Stanley Kubrick on the number one enemy of every filmmaker: “Extremely unfair”
The role of the critic has long been a subject of contention. While some directors dismiss critics with the familiar adage, “those who cannot do, become critics,” others value their insights and even seek their approval. Quentin Tarantino, for instance, is rumoured to be in pre-production on a film about the legendary Pauline Kael, a critic who championed the works of filmmakers like Paul Schrader and Martin Scorsese. Yet, not all directors share this reverence. One of cinema’s most prolific auteurs once went so far as to call critics “the number one enemy of every filmmaker”.
Stanley Kubrick is one of the most mythologised and enigmatic directors in Hollywood history, with a cult following of film lovers who obsess over the ever-evolving meaning behind his work and behind-the-scenes stories that offer insight into his elusive process. His final film took over 19 months to finish, with people speculating over the decision to cast real-life couple Nicole Kidman and Tom Cruise in what would become his swan song.
The director was very secretive about his work and rarely shared his thoughts on the films he enjoyed and the industry at large, preferring to work privately and leave people guessing to the secrets of his interior world. However, in one of the final interviews before he died, the director revealed his thoughts on one sorely debated aspect of the film industry.
When asked about the sometimes-ambiguous subject matter in his work and how it was interpreted by mass audiences, Kubrick said, “The intellectual is capable of understanding what is intended and gets a certain amount of pleasure from that, whereas the mass audience may not”.
The director added: “But I think that the enemy of the filmmaker is not the intellectual or the member of the mass public, but the kind of middlebrow who has neither the intellectual apparatus to analyse and clearly define what is meant, nor the honest emotional reaction of the mass film audience member. And unfortunately, I think that a great many of these people in the middle are occupied in writing about films”.
It’s a slightly uncomfortable topic to write about, given that I am also in this bracket. It sometimes feels strange to write about films without being vulnerable in the same way as the filmmakers who are realising their stories on the big screen.
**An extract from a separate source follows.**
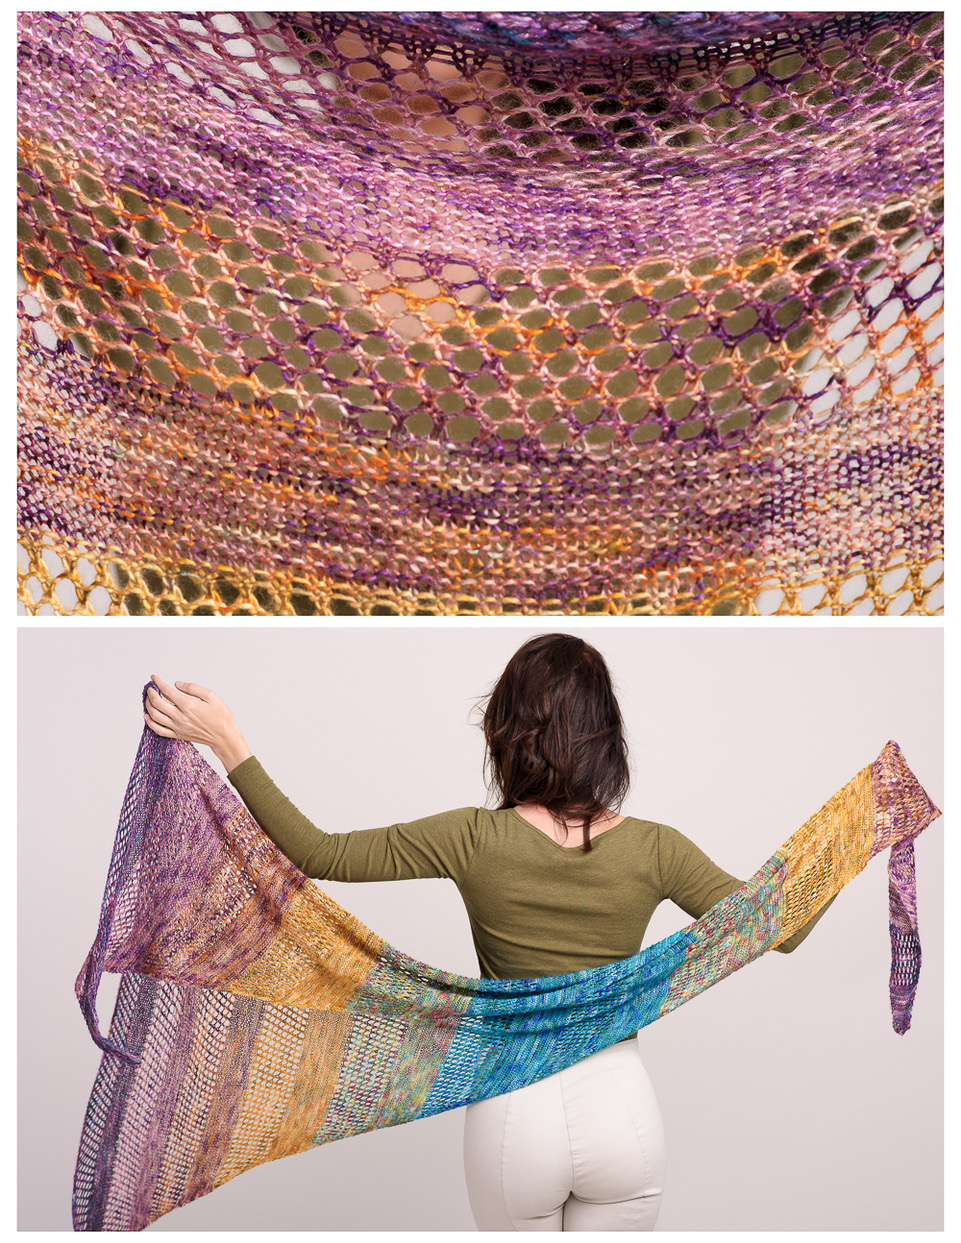 Saiki Knitted Shawl Pattern

Kubrick expanded on this, saying, “I think that it is a monumental presumption on the part of film reviewers to summarise in one terse, witty, clever, Time magazine-style paragraph what the intention of the film is. That kind of review is usually very superficial, unless it is a truly bad film, and extremely unfair”.
I also take issue with the kinds of headlines that he is describing – in order to write fairly about a piece of filmmaking, the critic should engage with it deeply and devote time and attention to uncovering its depths in the same way that the filmmakers do in creating it.